Audio & Speech

RobustSpeechFlow boosts TTS accuracy by fixing alignment errors

New technique cuts word error rates without extra data or aligners

Deep Dive

Flow-matching text-to-speech (TTS) achieves strong zero-shot speaker similarity and naturalness, but remains vulnerable to skip and repeat errors due to imperfect alignment. Jinhyeok Yang et al. introduce RobustSpeechFlow, a training strategy that extends contrastive flow matching with length-preserving repeat and skip latent augmentations. This directly penalizes realistic failure modes without needing external aligners or preference data, making it easy to drop into existing TTS pipelines. The approach targets the content fidelity issues that plague current state-of-the-art models, offering a lightweight fix with only 0.06 billion parameters.

On the Seed-TTS-eval benchmark, RobustSpeechFlow reduced Word Error Rate (WER) from 1.44 to 1.38. On the authors' new ZERO500 benchmark, which tests across diverse speaker and prosody conditions, it delivered consistent improvements: at 24 neural function evaluations (NFE=24), English Character Error Rate (CER) dropped from 0.48% to 0.35%, and Korean CER fell from 0.81% to 0.57%. These results demonstrate stronger multilingual robustness without sacrificing speed or quality. The paper is submitted to INTERSPEECH 2026, with audio samples available online.

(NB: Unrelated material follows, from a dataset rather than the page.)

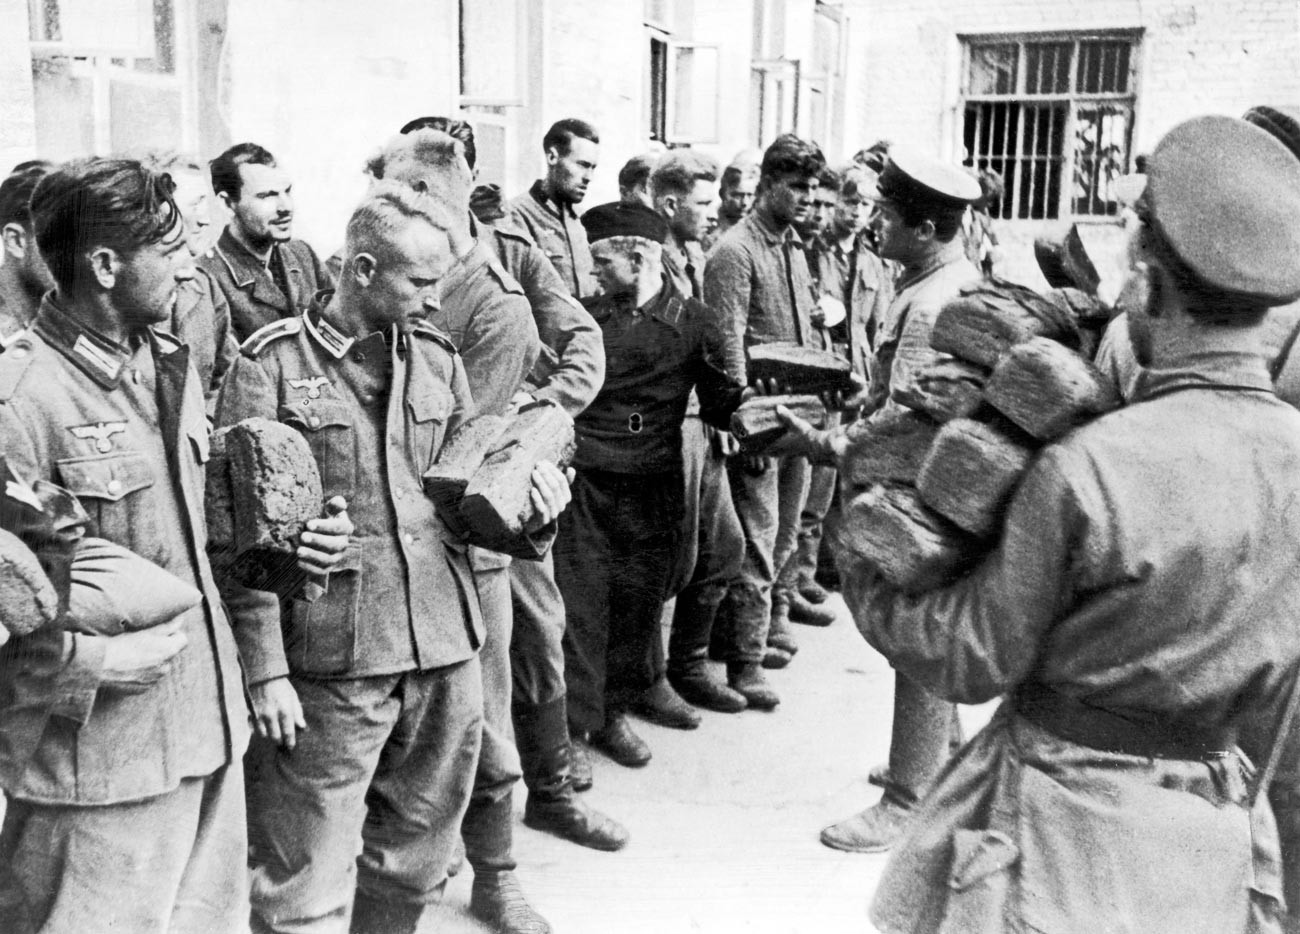 German prisoners of war captured by Russian forces are fed bread by the Russian soldiers during the Second World War. 9th August 1941.
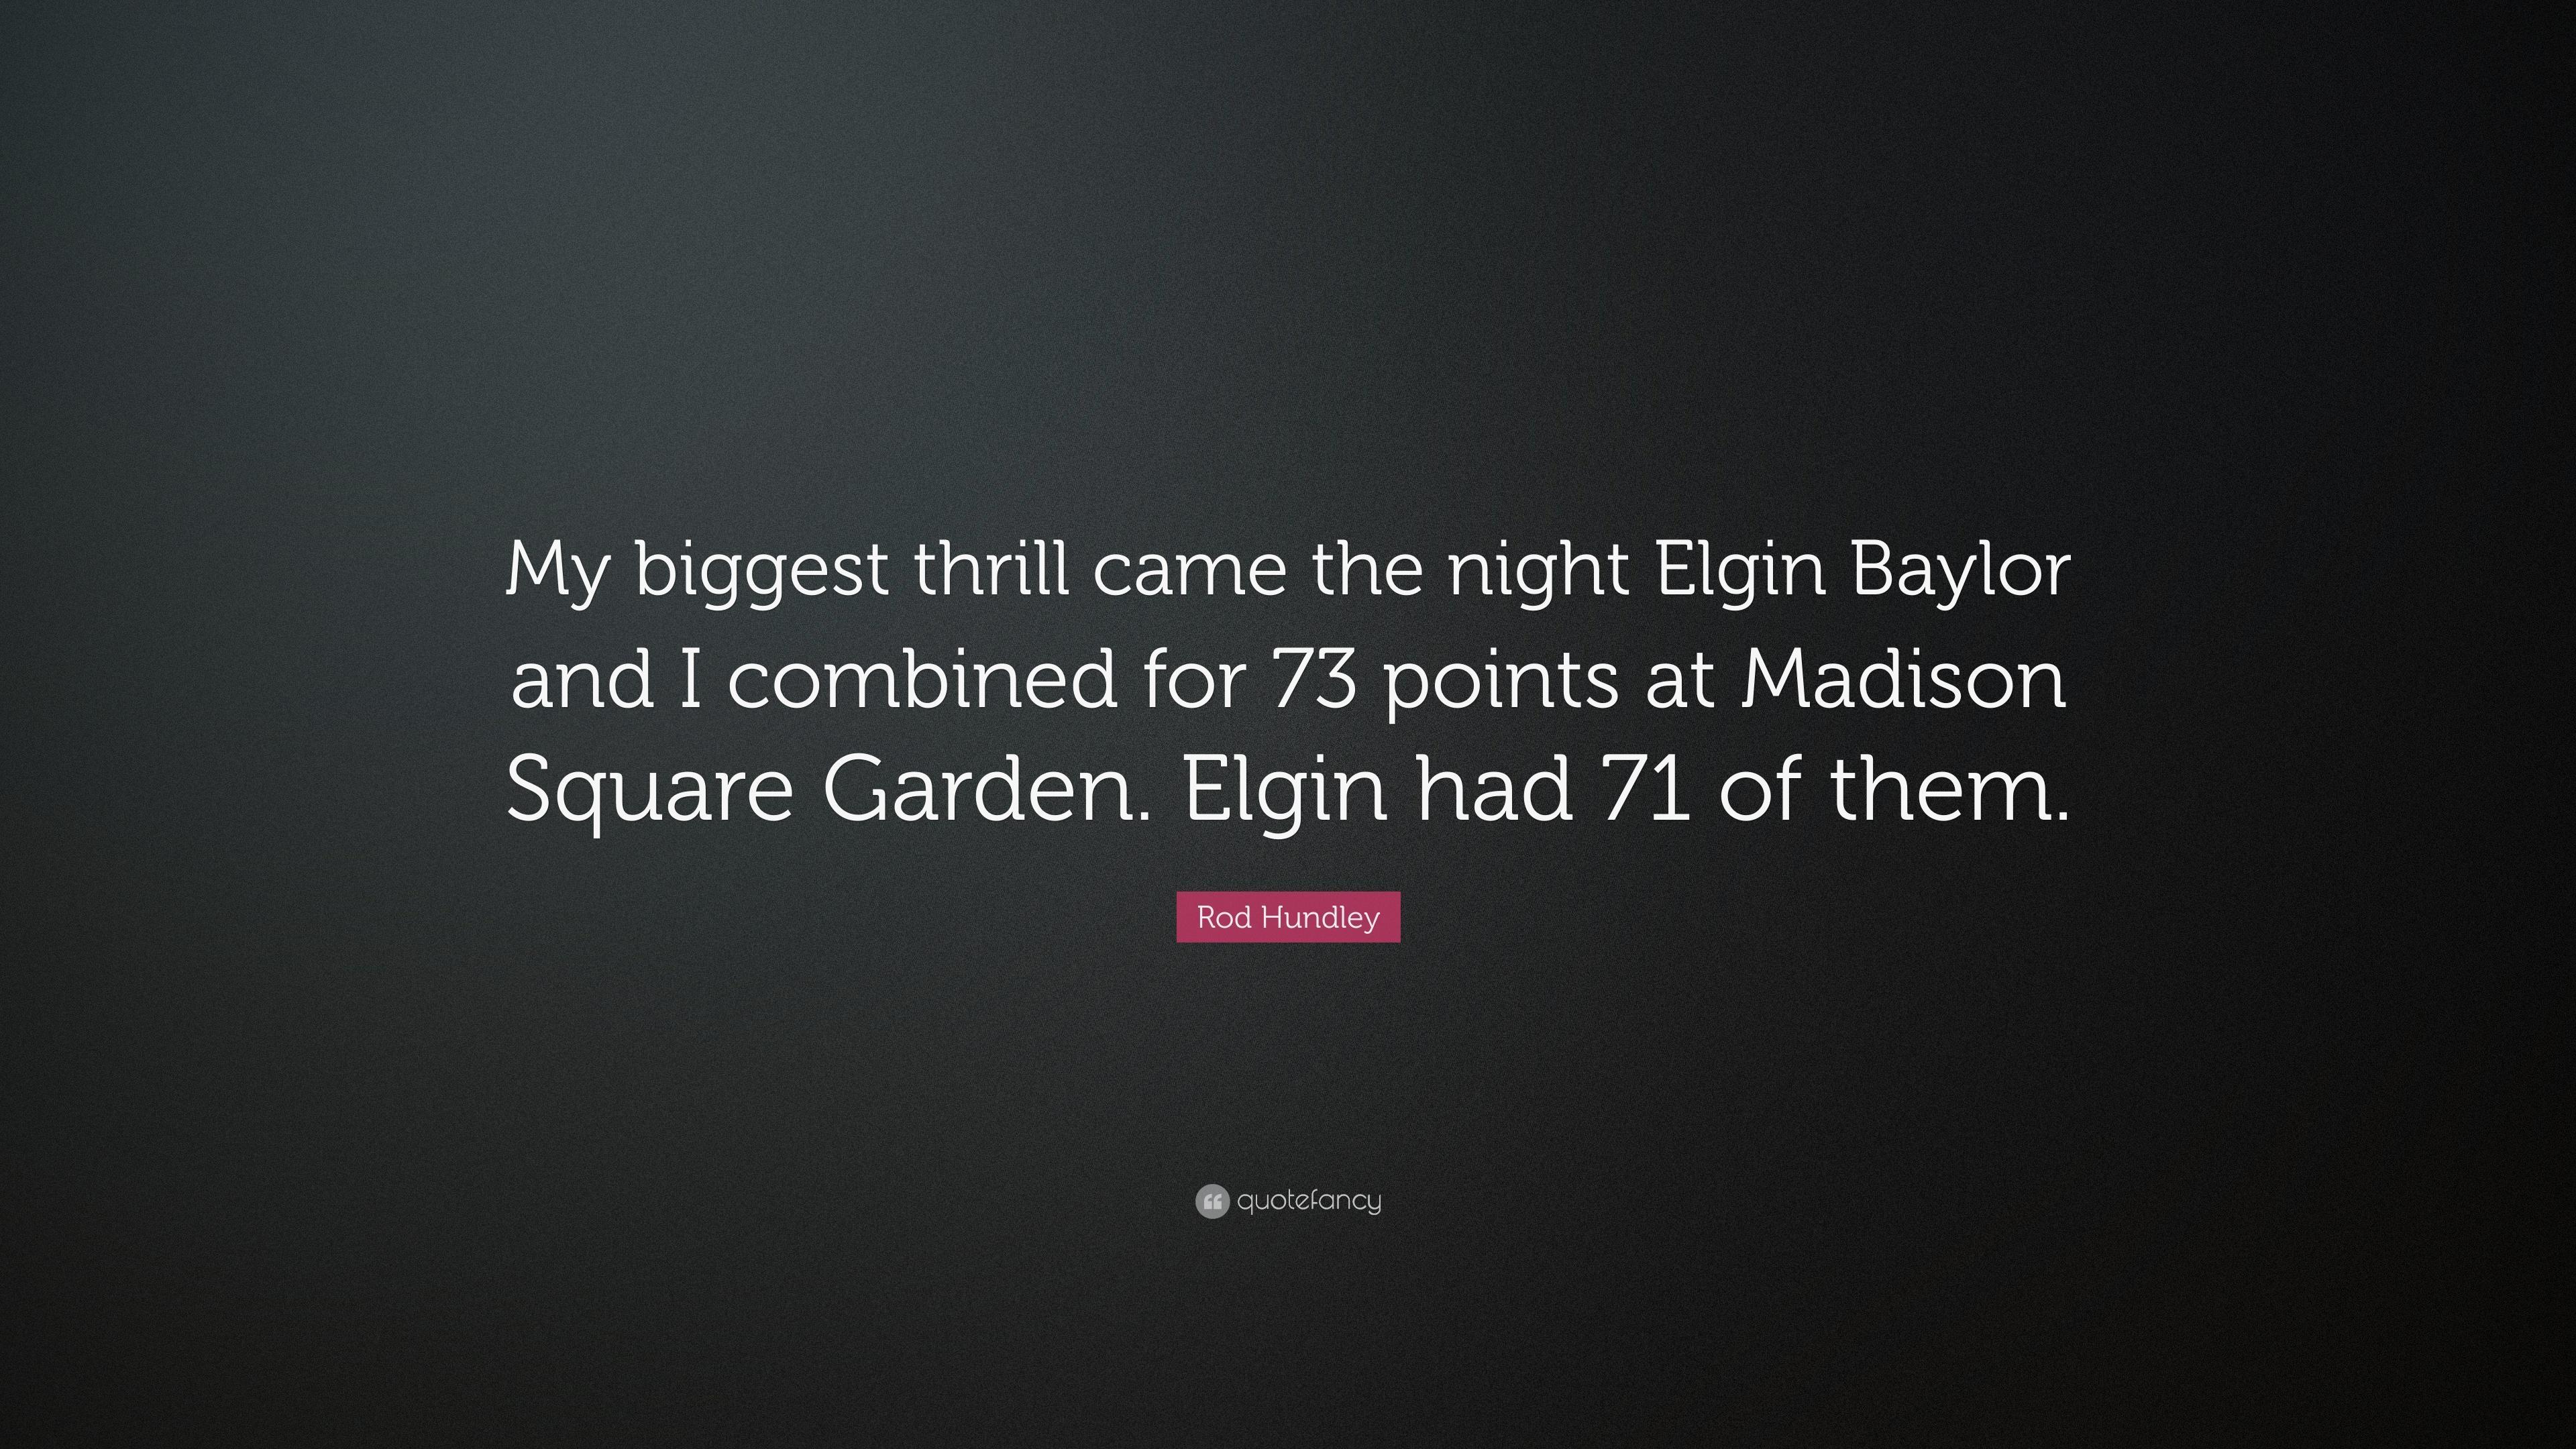 Rod Hundley Quote: “My biggest thrill came the night Elgin Baylor

This work shows that careful augmentation strategies can fix alignment errors without complex external modules, a practical win for production TTS systems.

Key Points
  • Reduces WER from 1.44 to 1.38 on Seed-TTS-eval with only 0.06B parameters
  • English CER cut from 0.48% to 0.35%, Korean CER from 0.81% to 0.57% on ZERO500 benchmark
  • Requires no external aligners or preference data; integrates into existing flow-matching pipelines

Why It Matters

More robust zero-shot TTS for multilingual applications, reducing garbled output without extra complexity.